What I found was that the voltage stayed precicely
the same, while the current draw bumped up maybe
around 5mA - I was really slowing it down too.
The next step for me is to find some diodes to
work with, and a potentiometer to find the just
the right speed where the magnets are spinning
as fast a possible without flying away.
Move some of the magnets on the inside to additional outside positions
maybe like a square, hexagon, octagon. Actually you should alter the N/S
poles of each of these on the outside so the coil doesn't see one big
'N' or 'S' all the time. These additional "poles" will make your AC go
up in frequency per motor revolution.
Leds have a pedestal voltage before they turn on, so they
are not quite as good as pure loads as resistors are.
Ok, the motor control circuit can either increase current which
may be difficult for it if the voltage input is 5Vdc low. (your PS
supply should be regulated at 5Vdc). Or it has to let the motor slow
down. The generator function is proportional to RPM,s so it would
automatically cut the voltage, power and braking back as the rpm
drops. Allowing it to seek a steady state.
:S:MarkSCoffman
Hmm - in order to add additional magnets I would
have to retool it a bit to accomodate a large flat
disc to glue them on to. If I can get some preliminary
results tomorrow when I hopefully find some diodes,
then I'll have a go at it.
What I ought to figure out at this point is how to
change the resulting current output of the coils from
AC into DC.
I'm fairly certain there's a quick way to go about it,
but a bit of searching has left me without an answer.
Edit: Alright, I get it now - the diode IS what turns the
AC into DC by blocking half the waveform...
...
Quote from: geotron on March 21, 2010, 10:34:29 PM
Alright, I get it now - the diode IS what turns the
AC into DC by blocking half the waveform...
Actually, if you take the fan apart, you've probubly got a circuit board on there which converts the DC to AC or pulses the coils on the fan board so that they alternate polarity.
The fan assembly usually consists of a cheap plastic shell, inside of which there is a soft ceramic magnet ( ring shaped ) which has two north and two south poles n-s-n-s around the rim, or north on one side and south on the other if there are three coils on the fan board.

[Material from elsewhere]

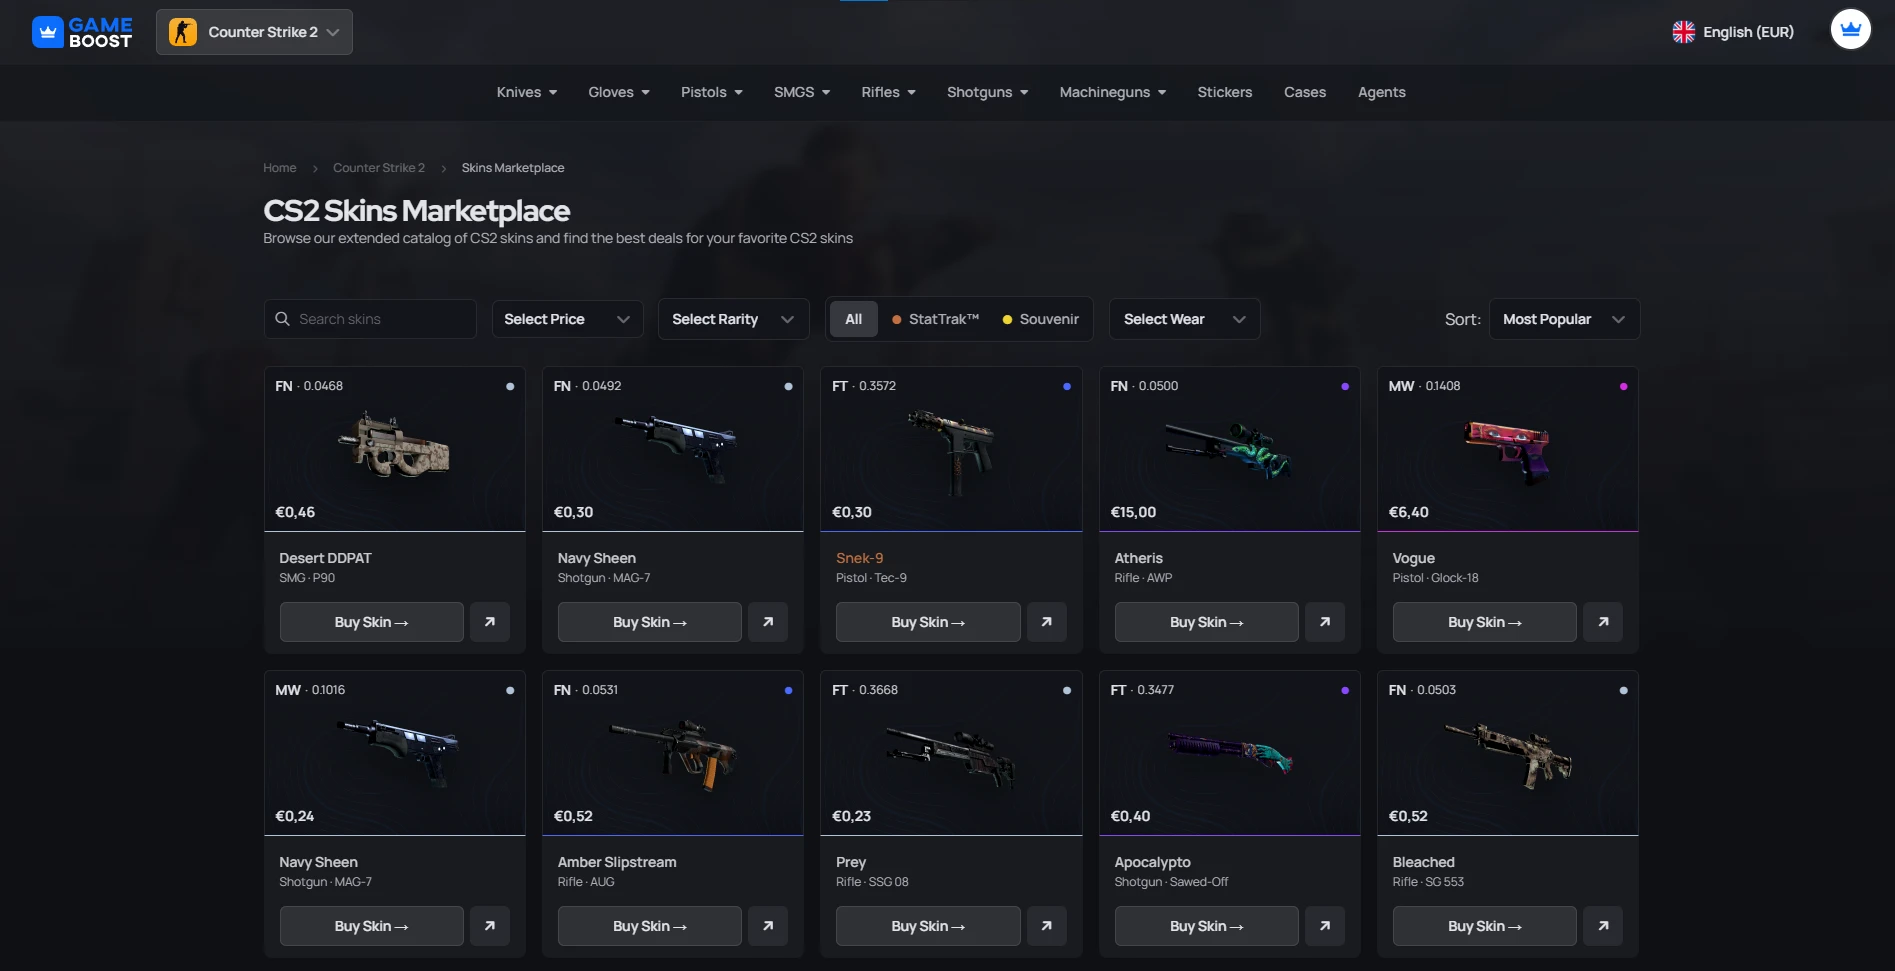 screenshot from gameboost.com CS2 marketplace page

It's not really practical to have brushes on these types of fan because they're intended to be run for long periods of time, so they use a controller board to create induction ....

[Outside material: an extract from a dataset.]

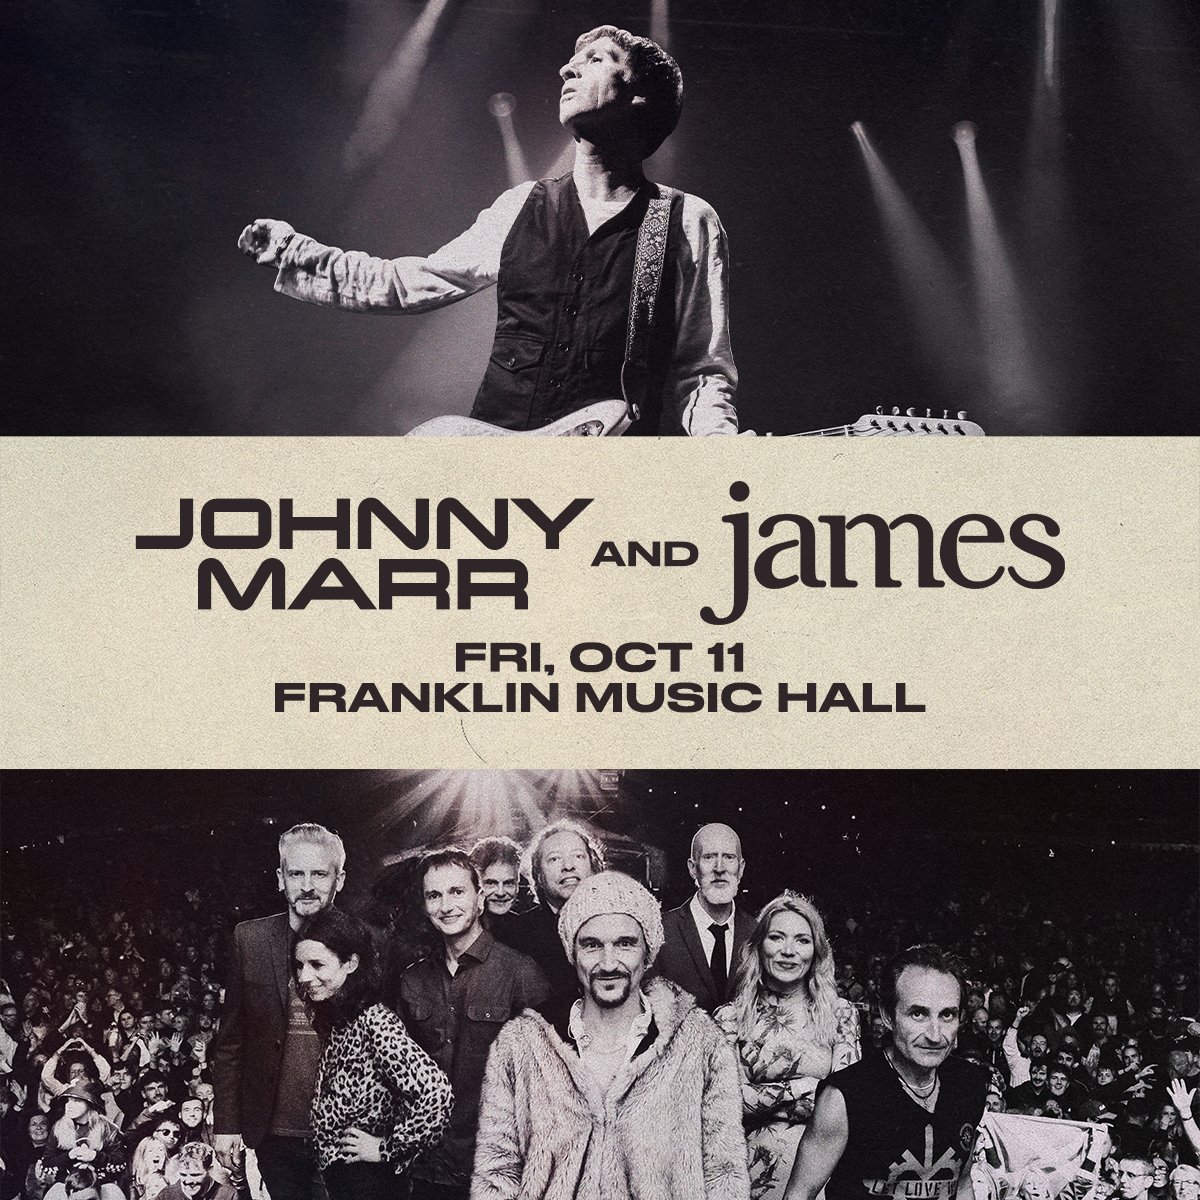 Thrilled to announce @Johnny_Marr & @wearejames will share the stage on Friday, October 11th! Tickets go on sale this Friday at 10am.

The fan blade housing had a flexible circle-shape
magnet that I removed with its metal ring form.
It was surrounding the outside of the inner assembly,
identical to the one I am now using to spin the discs -
...
I've obtained some diodes and assembled a small
test coil with one of them, and so far no results.
The diode is a Radioshack IN4005 with the following
specifications -
Foward Voltage Drop: 1.6V
Max. Surge Current: 30A
Foward Current: 1A
Reverse Current: 10uA
I've checked for resistance with my meter on the
assembled coil-diode circuit and its ok, so my guess
is the diode is of the wrong type.
My meter was set to the 10V range, and recorded no
movement at all no matter how close I held the coil.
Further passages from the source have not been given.